Will turned to him. “Alma’s right. Good people. Happy, by and large.”
“And we have good manners. That makes up for what happiness doesn’t provide.”
Will laughed. “Sam Mohler said to me once, when I was real young, ‘You know,’ he said, ‘I think people pretty much decide early on how happy they’re going to be. And then they just go on and be it.’ Course, that was just a month before he got run over in his own front yard by Jackson Taylor’s son, who was driving drunk at the age of sixteen. Jackson Taylor sold cars. Jack Junior had borrowed one from the dealership seven minutes before he ran Sam over. It’s not all peaches and cream, whatever Alma says.” He stood up. “Speaking of which, let’s get some ice cream. Get out amongst ’em.”
The women, Charlie knew from the store. The men, Will introduced him to, and so Charlie gradually put the town together, husbands with wives with children, and they all greeted him with the same friendly distance, and nobody asked him how he had ended up working in a butcher shop in Brownsburg, Virginia.

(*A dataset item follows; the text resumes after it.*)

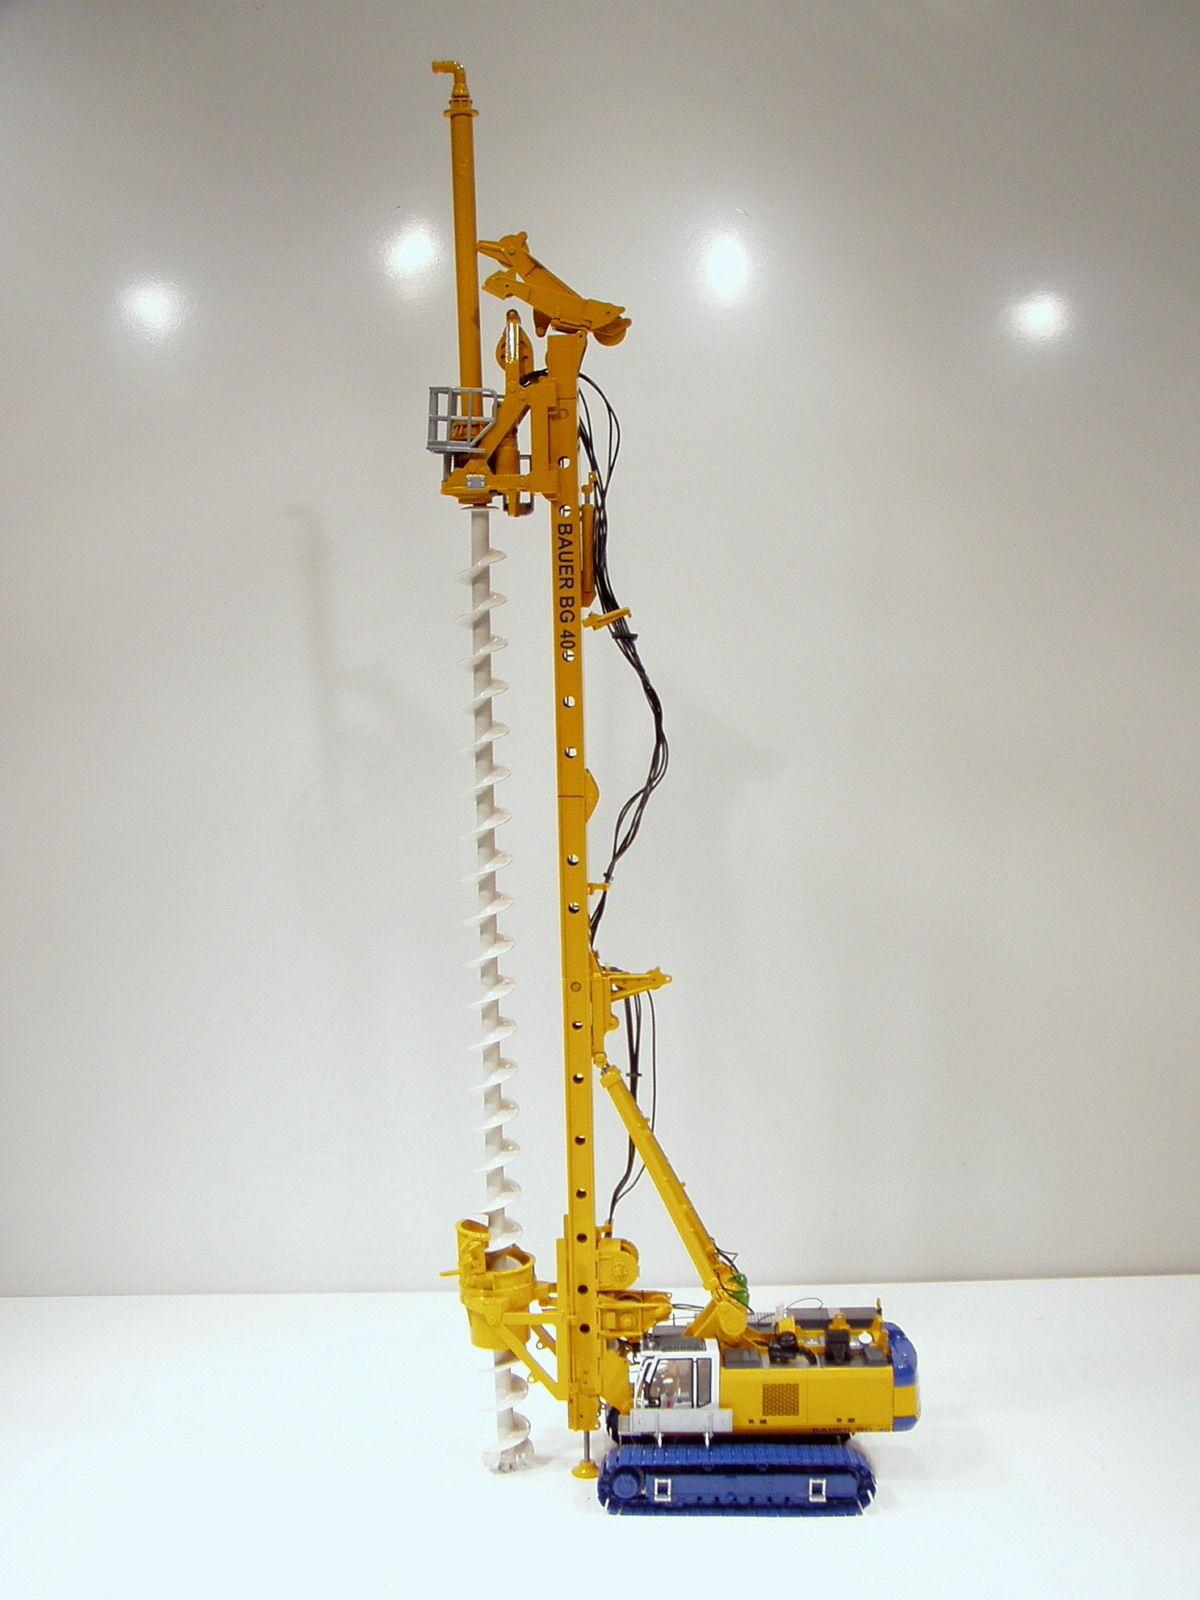 Bauer BG40 Drilling Rig - 1 50 - Brami  25009 - Brand New

Will got three bowls of ice cream, and joined Alma and Charlie, where they had moved to a picnic table in the shade, the ice cream already starting to melt. A long black car pulled up and parked, and Boaty Glass got out of it, and went around to the other side, and opened the door—men still did that—and then she got out, and there she was. Brand new all over again.
She was wearing a full-skirted dress, royal blue, silky, sleeveless, a cocktail party dress, not the kind of thing you’d wear to a social in the backyard of a Baptist church. She had a perfect figure, rounded, soft and fleshy for a young girl, although she seemed willowy next to her bulky husband. Her legs were long and beautiful, and her blonde hair was tied back with a ribbon in a way that reminded Charlie of someone else, some other girl, perhaps in a magazine.
She was tall, taller than her husband. If she’d been standing next to Charlie, she would have been just slightly taller than he was, especially in those shoes.
She looked like the kind of pinup girl men had carried pictures of off to the war, and looked at in the lonely nights, after they had written to their sweethearts. A pinup girl in sunglasses, her eyes hidden from the world. Together, Boaty and Sylvan looked important, like people you’d see in Life magazine.
“Him you know,” said Will. “You’ll want to know about her. Tell him, Alma.”